Source data:
'''
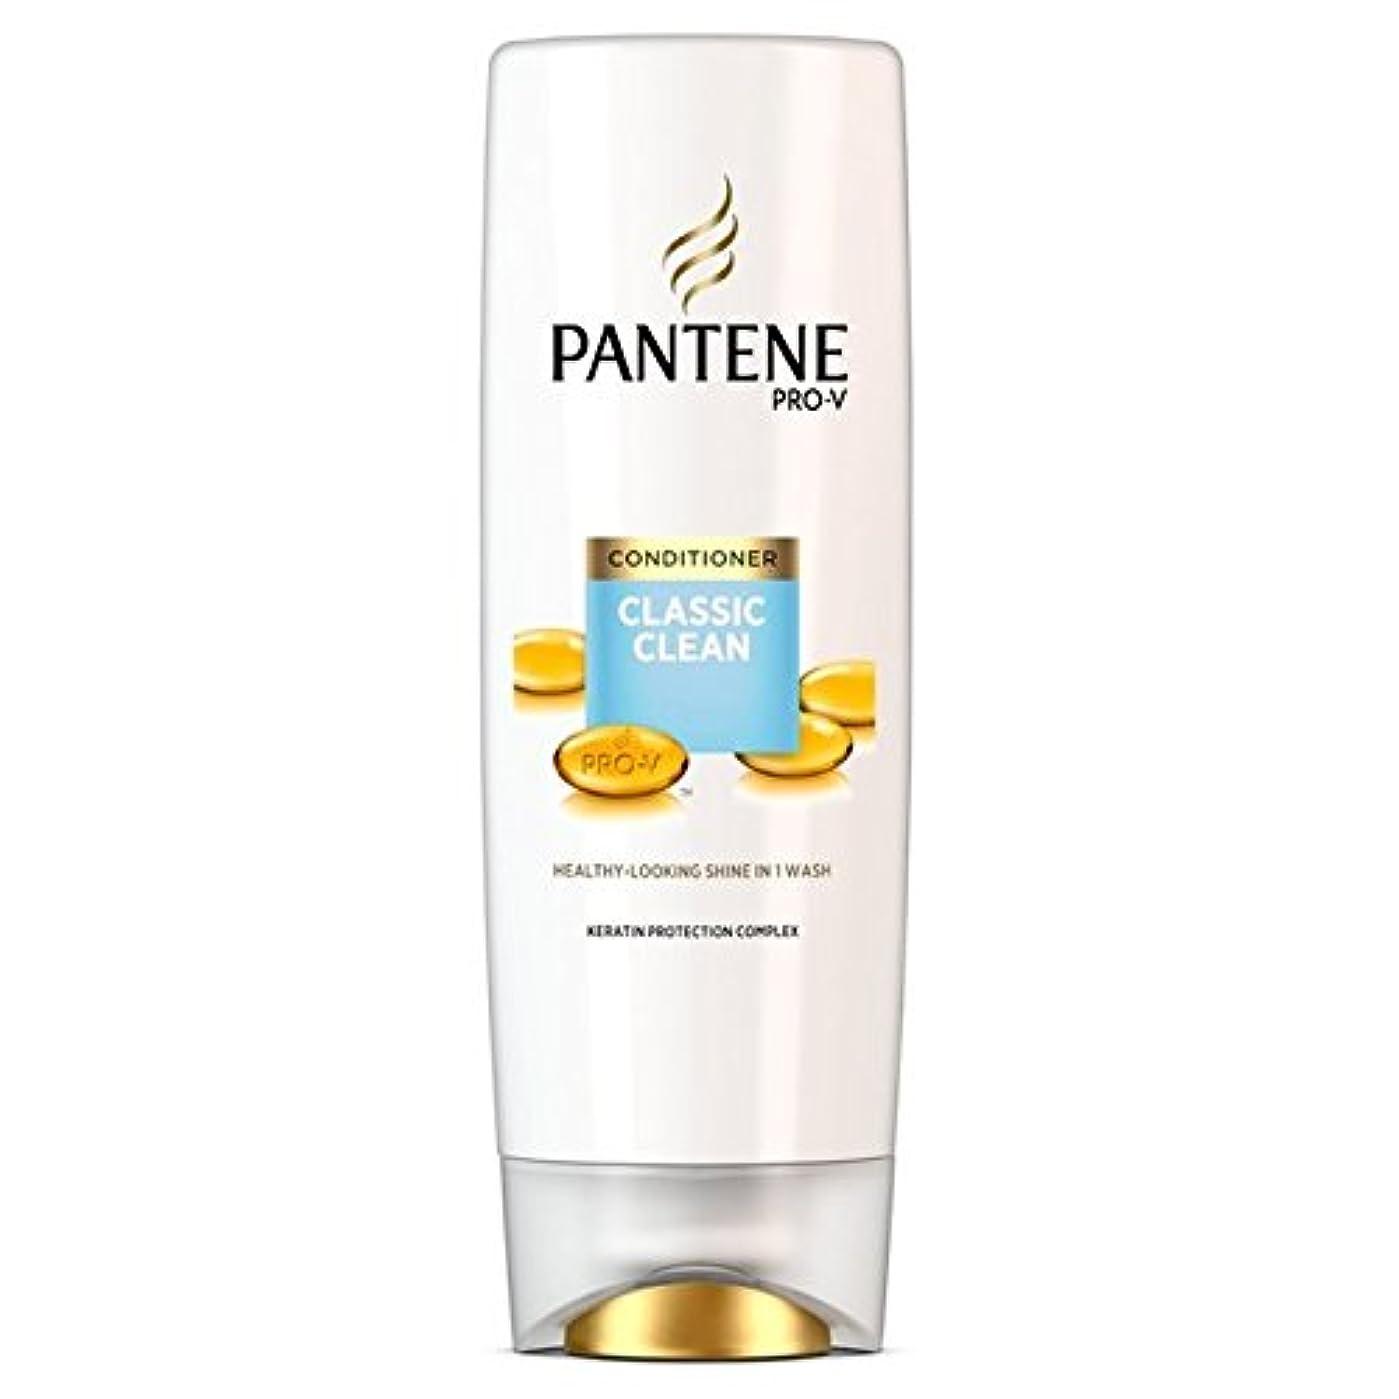 ブースト流行している宿泊Pantene Classic Clean Conditioner 360ml (Pack of 6) - パンテーン古典的なクリーンコンディショナー360ミリリットル x6 [並行輸入品]
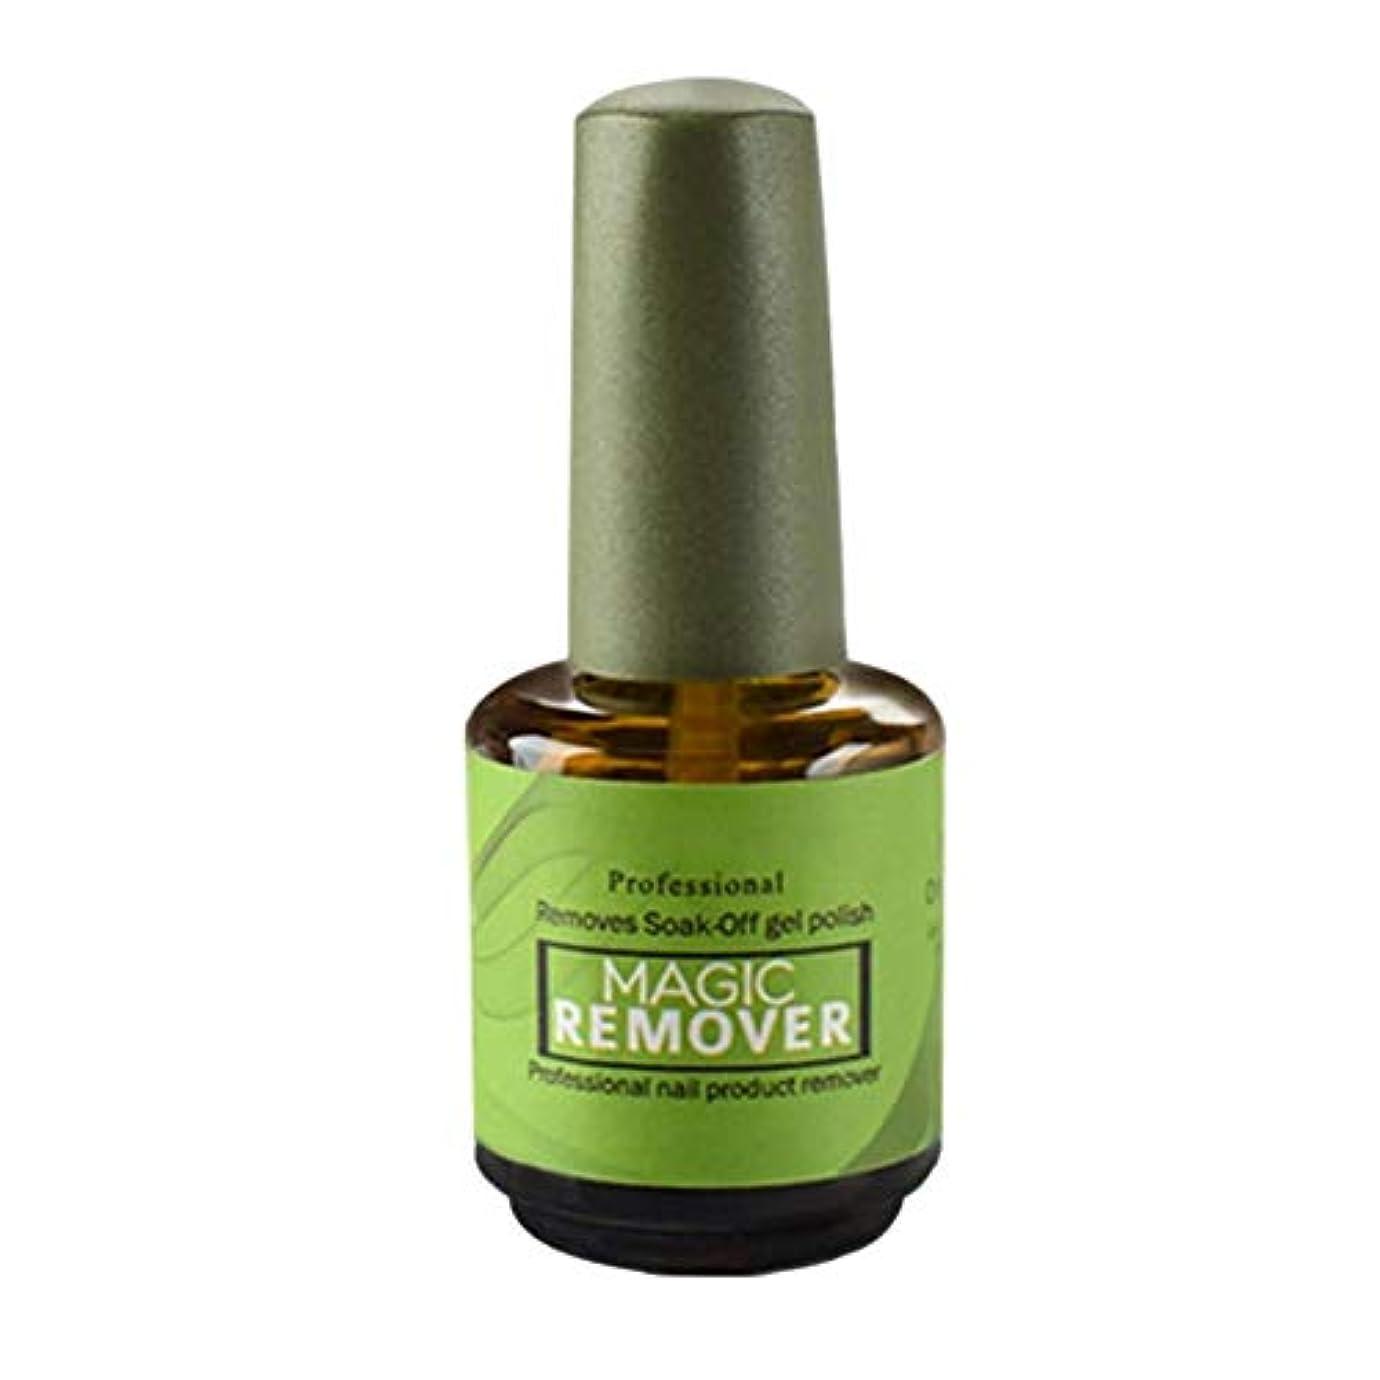 いう協会陰気Profeel マジックリムーバーがネイルポリッシュを拭き取ると、ジェルプロフェッショナルバーストクリーン脱脂剤が除去されます
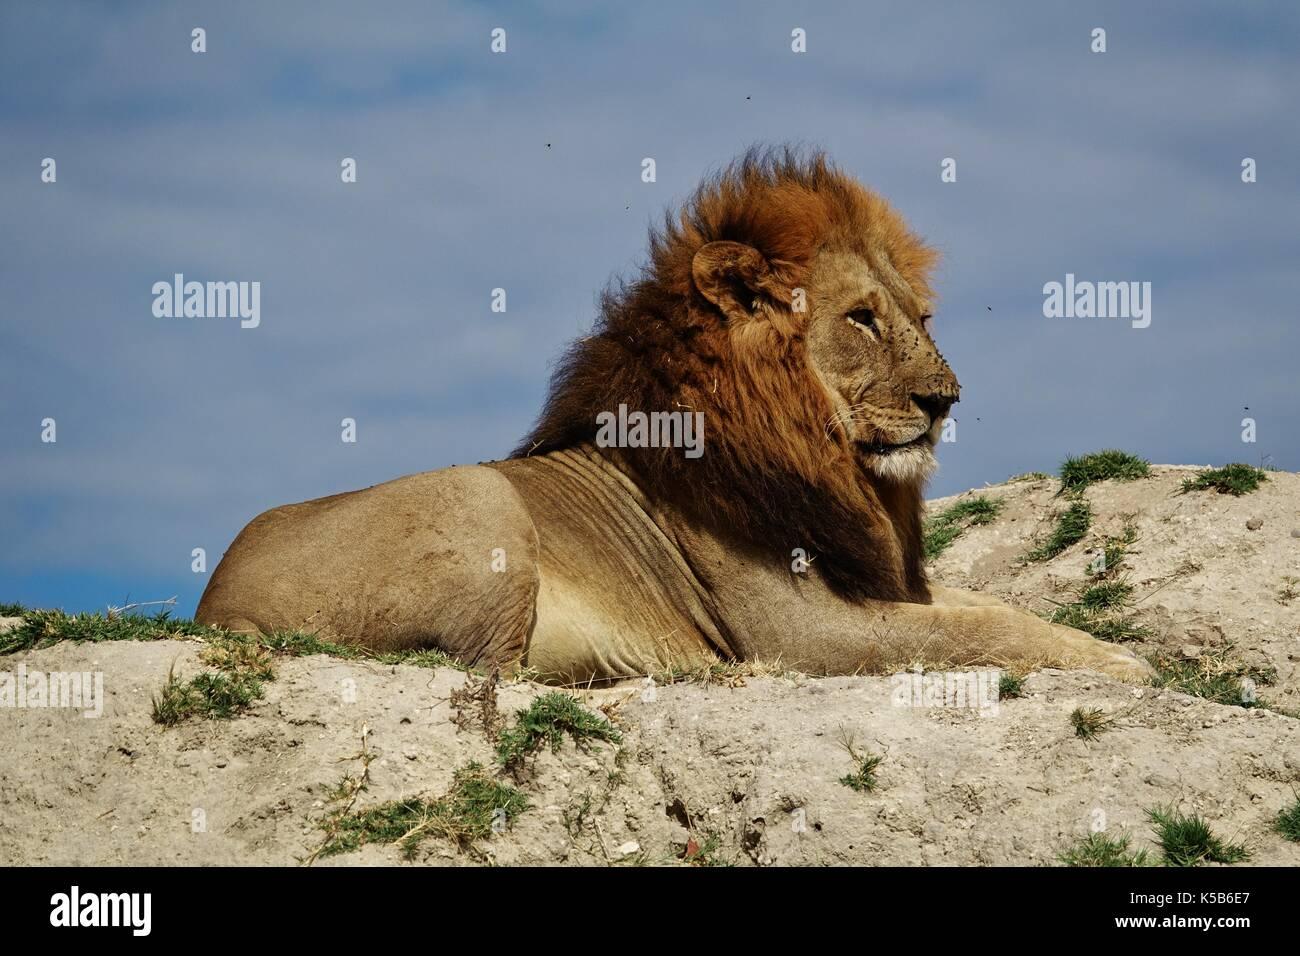 León macho grande sentado en hill Imagen De Stock
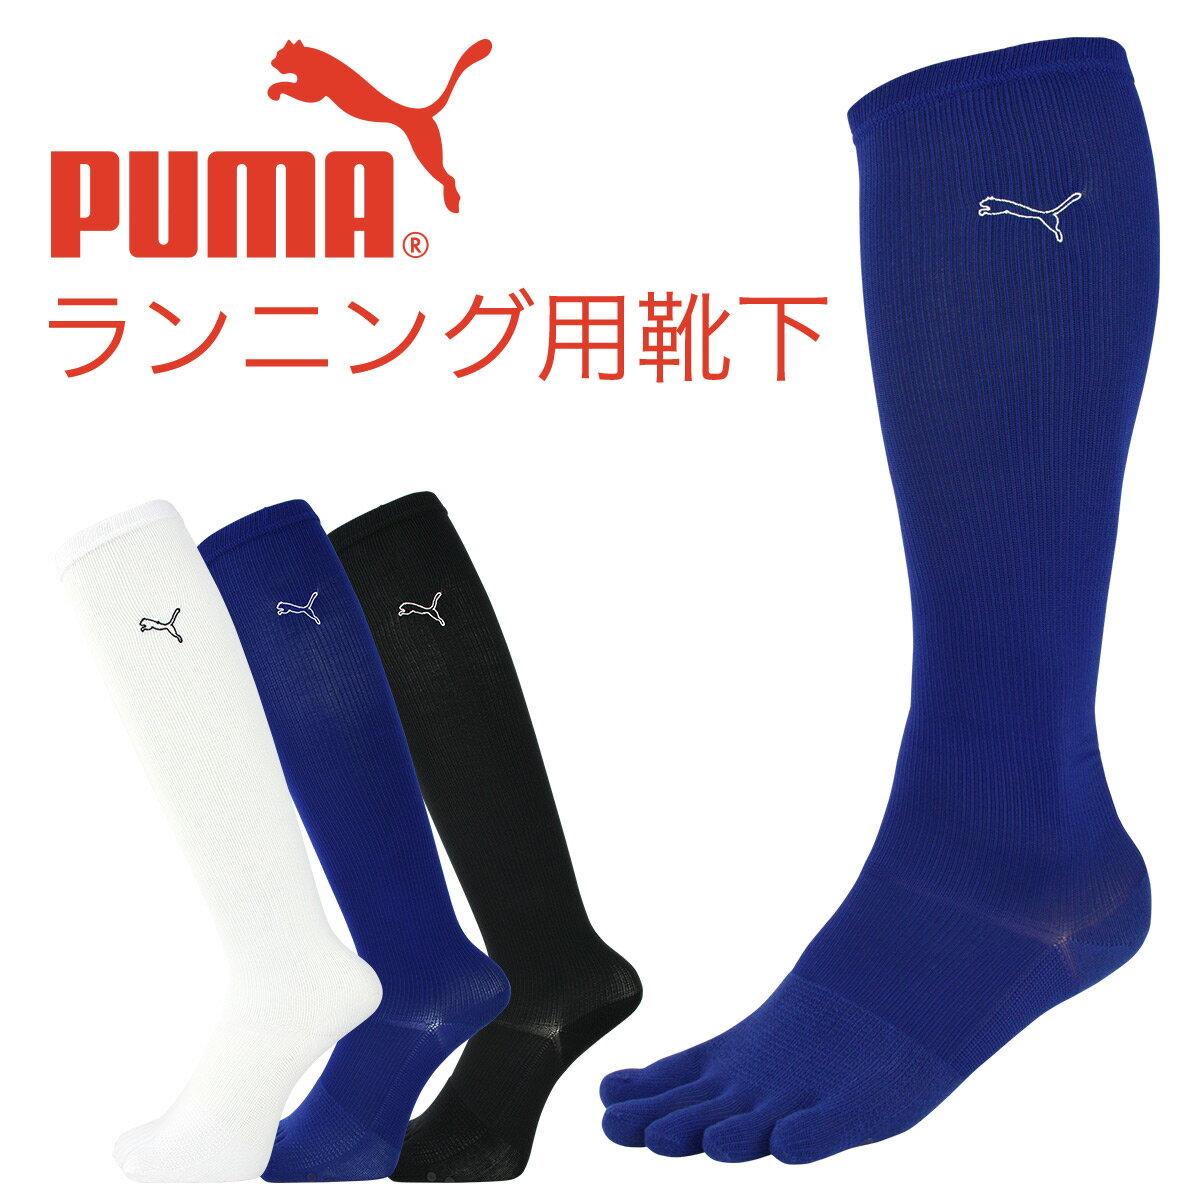 【送料無料】PUMA ( プーマ ) メンズ 段階 着圧 設計5本指・アーチフィットサポート マラソン ハイソックス 着圧 弾性 日本製 靴下 男性 メンズ プレゼント 贈答 ギフト2822-228ポイント10倍
'''
What to do: Write out the whole listing exactly. Pictures stay out.

Written solution:
 ブースト流行している宿泊Pantene Classic Clean Conditioner 360ml (Pack of 6) - パンテーン古典的なクリーンコンディショナー360ミリリットル x6 [並行輸入品]
 いう協会陰気Profeel マジックリムーバーがネイルポリッシュを拭き取ると、ジェルプロフェッショナルバーストクリーン脱脂剤が除去されます
 León macho grande sentado en hill Imagen De Stock
 【送料無料】PUMA ( プーマ ) メンズ 段階 着圧 設計5本指・アーチフィットサポート マラソン ハイソックス 着圧 弾性 日本製 靴下 男性 メンズ プレゼント 贈答 ギフト2822-228ポイント10倍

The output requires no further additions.